Well, everything, if she chooses to put photos on FB to be seen by millions including her work mates !

She is celebrating her holiday. Not inviting negative comments from colleagues

Dizzymrslizzy · 15/11/2022 07:03

@ElleDriver I think you need to butt out and stop pressuring her to showcase her love life to you.

I think that's unfair.

No-one has been "pressuring her to showcase her love life" at all.

No-one knew anything about her w/e break until she told us about it in the canteen. She works in a different dept so we only see her ( and each other) at breaks when shifts coincide.

She flagged it up and told us the photos would be on FB.

And if she knows he doesn't like having his picture taken why do it? Just so she can 'show him off' to us? No wonder he has a face like a bag of chisels.🙄

OP posts:
achangeisafoot · 15/11/2022 07:14

But you're all really keen to see him? That's oblivious so maybe she felt she had to take lots of photos of him?
I really don't think it's a big deal.

Also you clearly do judge his age or you wouldn't have referred to him as grumpy old man.

Aprilx · 15/11/2022 07:17

Dizzymrslizzy · 14/11/2022 18:02

@maddy68 What on earth does it have to do with you ?

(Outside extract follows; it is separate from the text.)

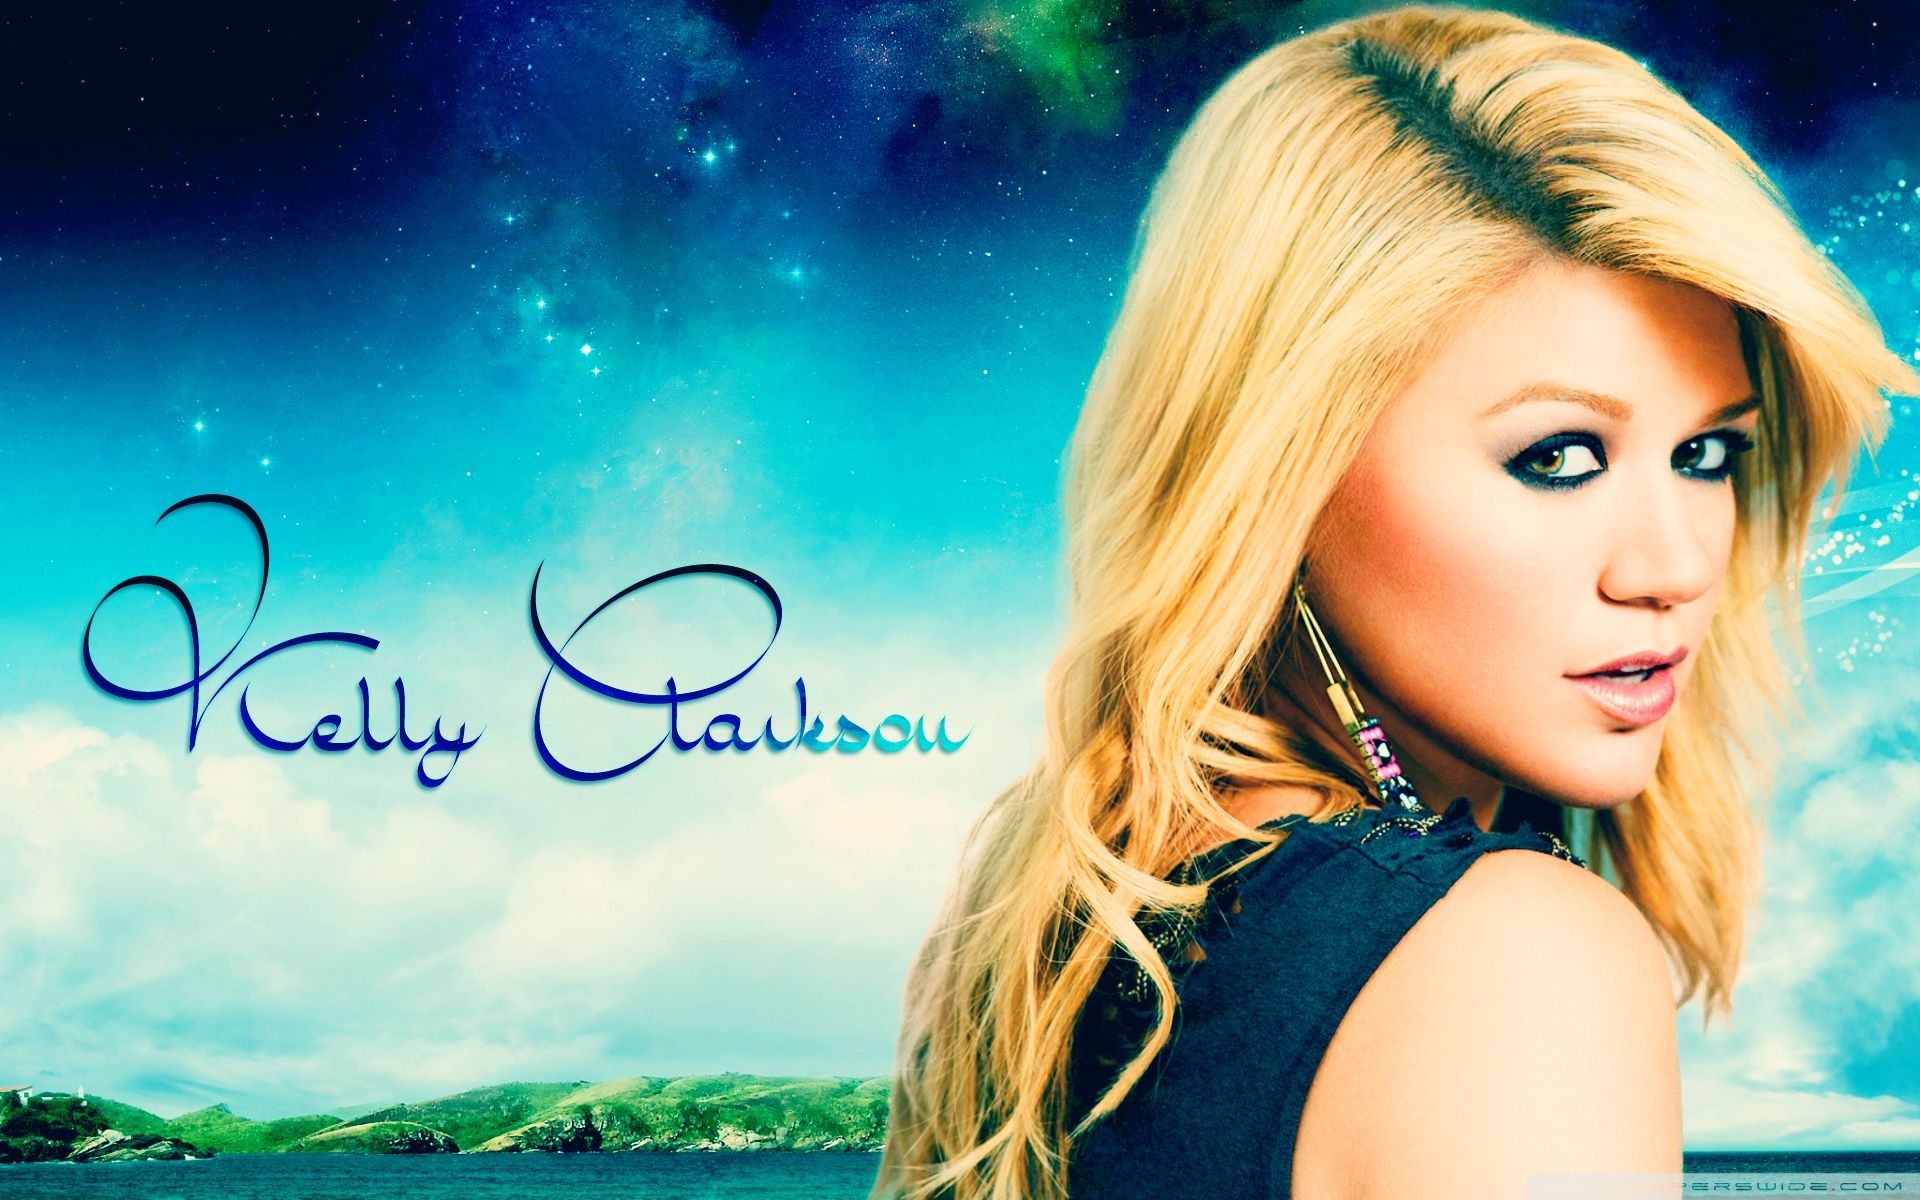 Kelly Clarkson Wallpapers.
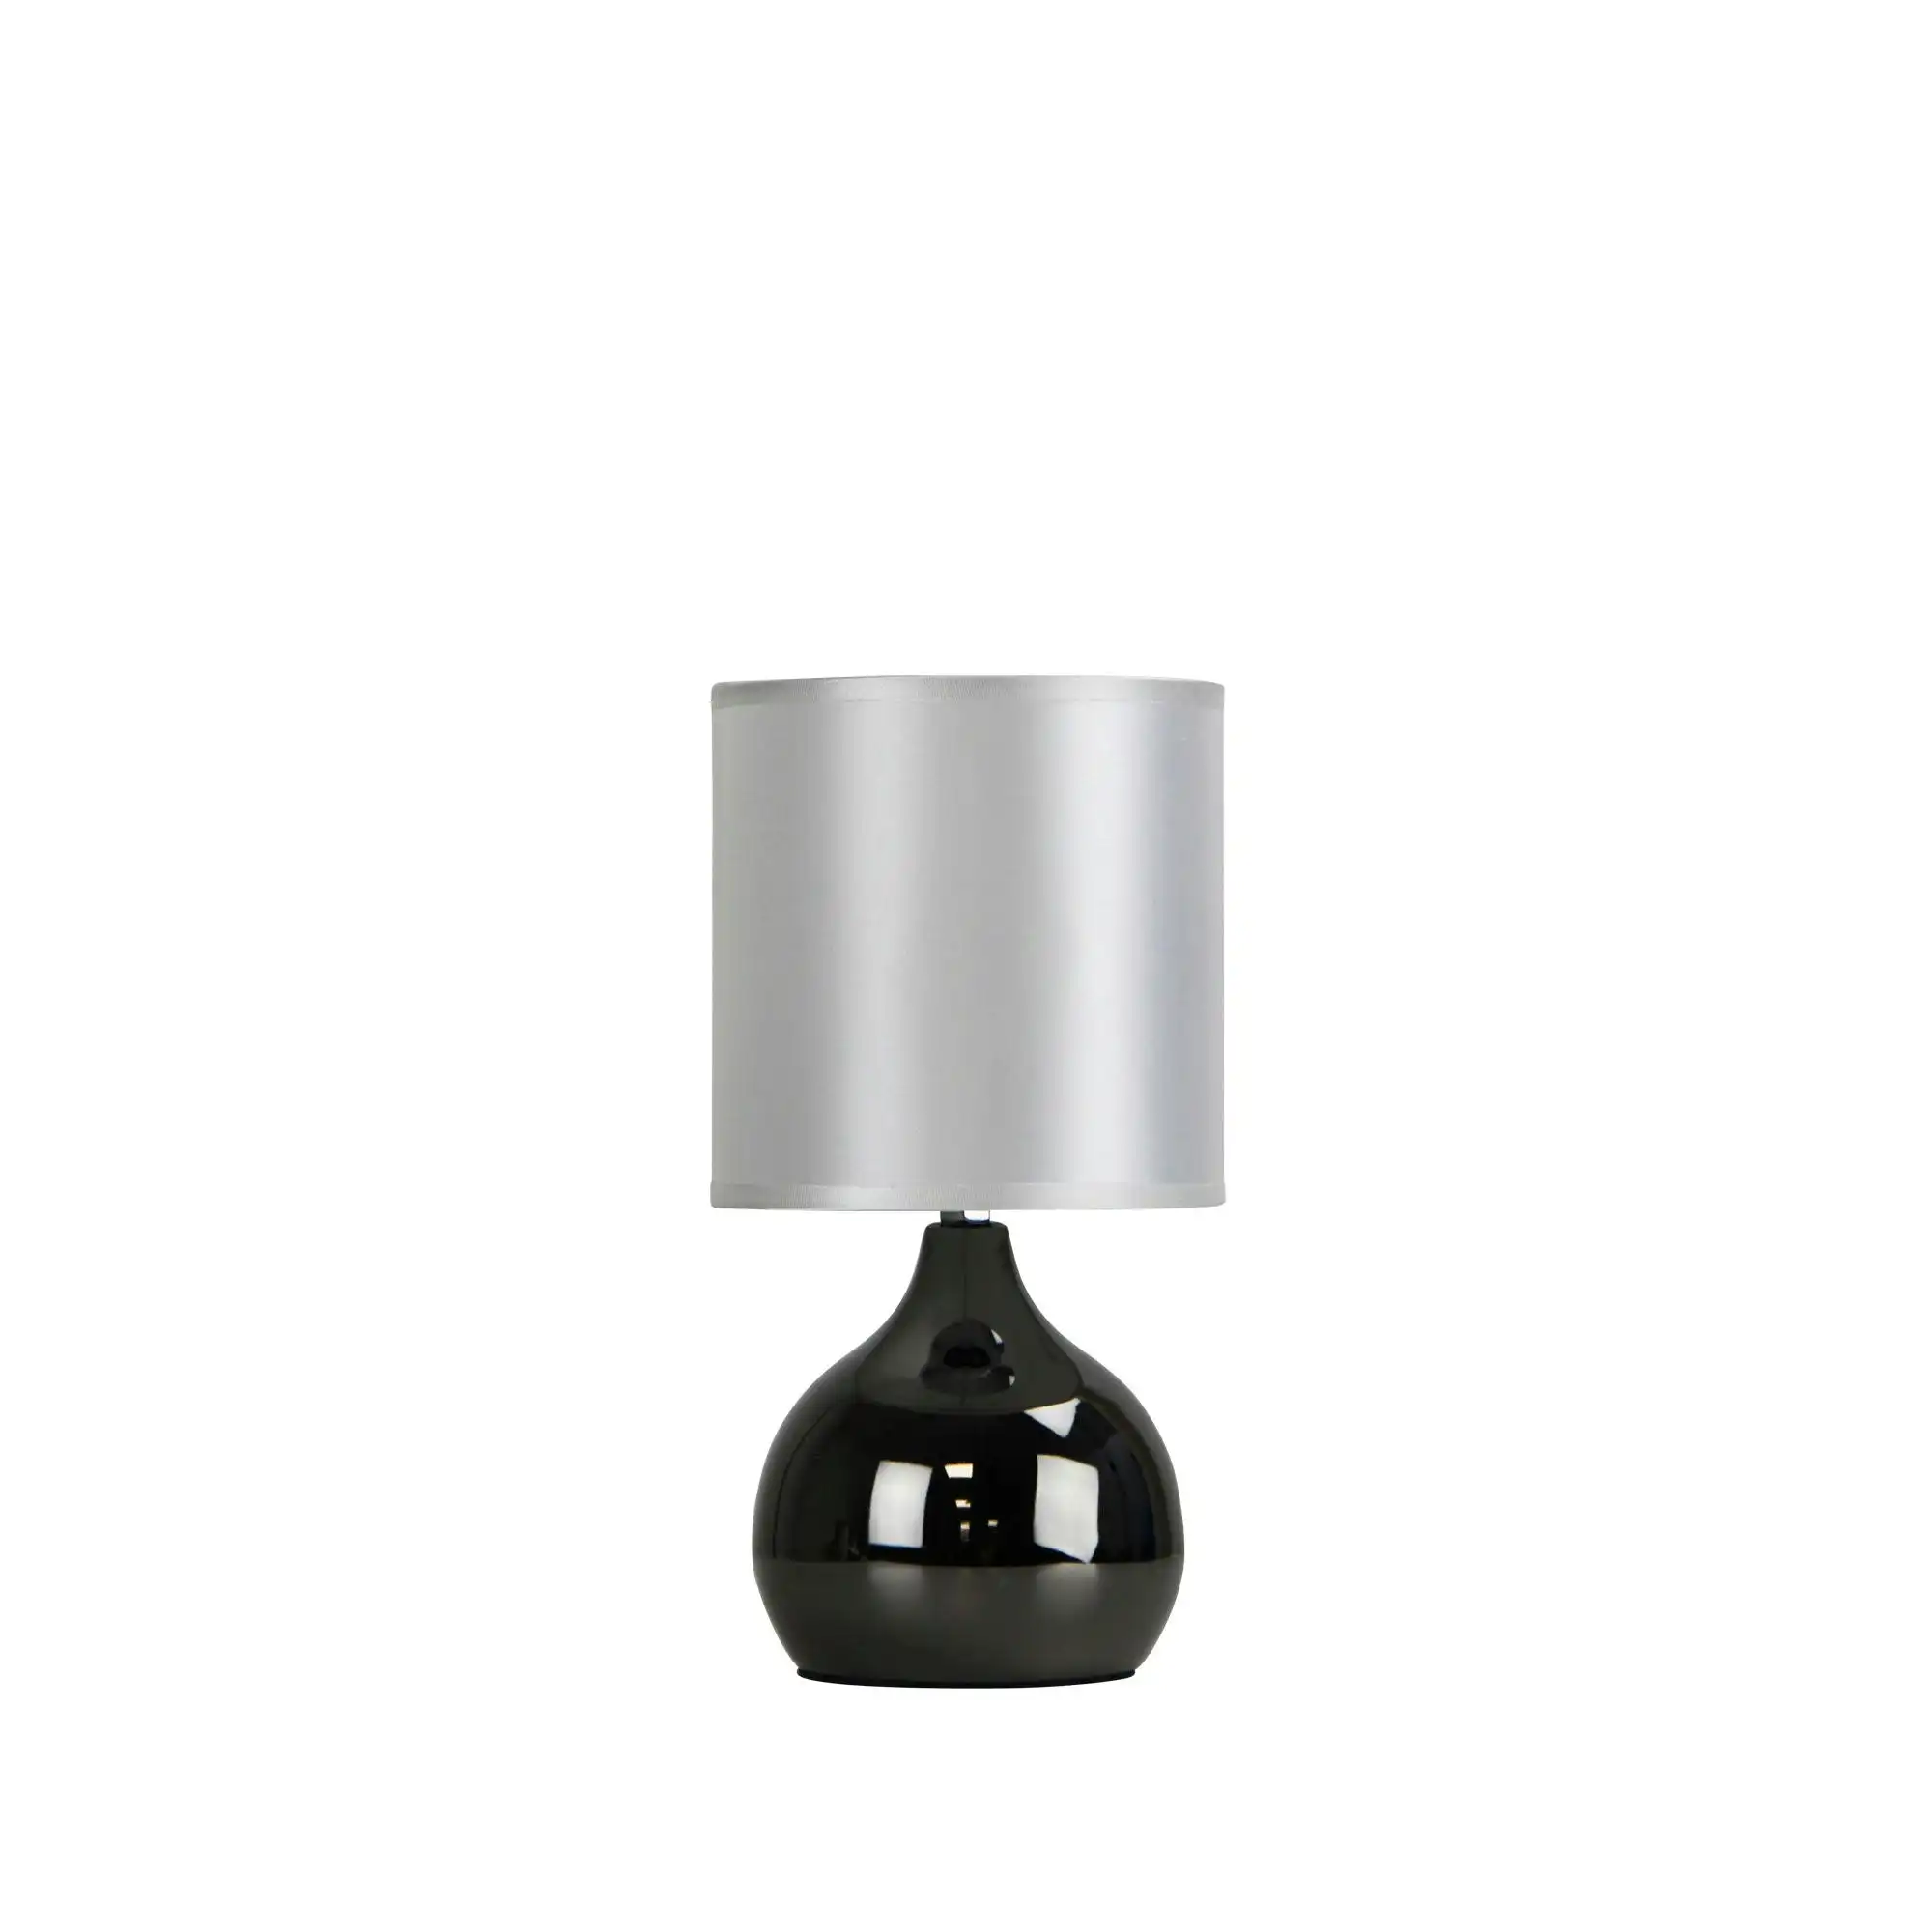 LOTTI ON / OFF Touch Lamp in Gunmetal Finish

Well, everything, if she chooses to put photos on FB to be seen by millions including her work mates !

No putting photos on Facebook does not mean it is everybody’s business to comment on a relationship. Very weird that you were looking forward to seeing somebody’s holiday photos, I like looking at photos but I have never given it sufficient prior thought to be looking forward to it. You sound like a dreadful office gossip.

Opaljewel · 15/11/2022 07:56

My partner hates taking photos too and he doesn't always want to comply. We usually have a great time and 16 years in. A picture doesn't really mean anything.

So many people stage their pictures for the gram. Many of them are not a true telling of real life and I doubt these pics are either.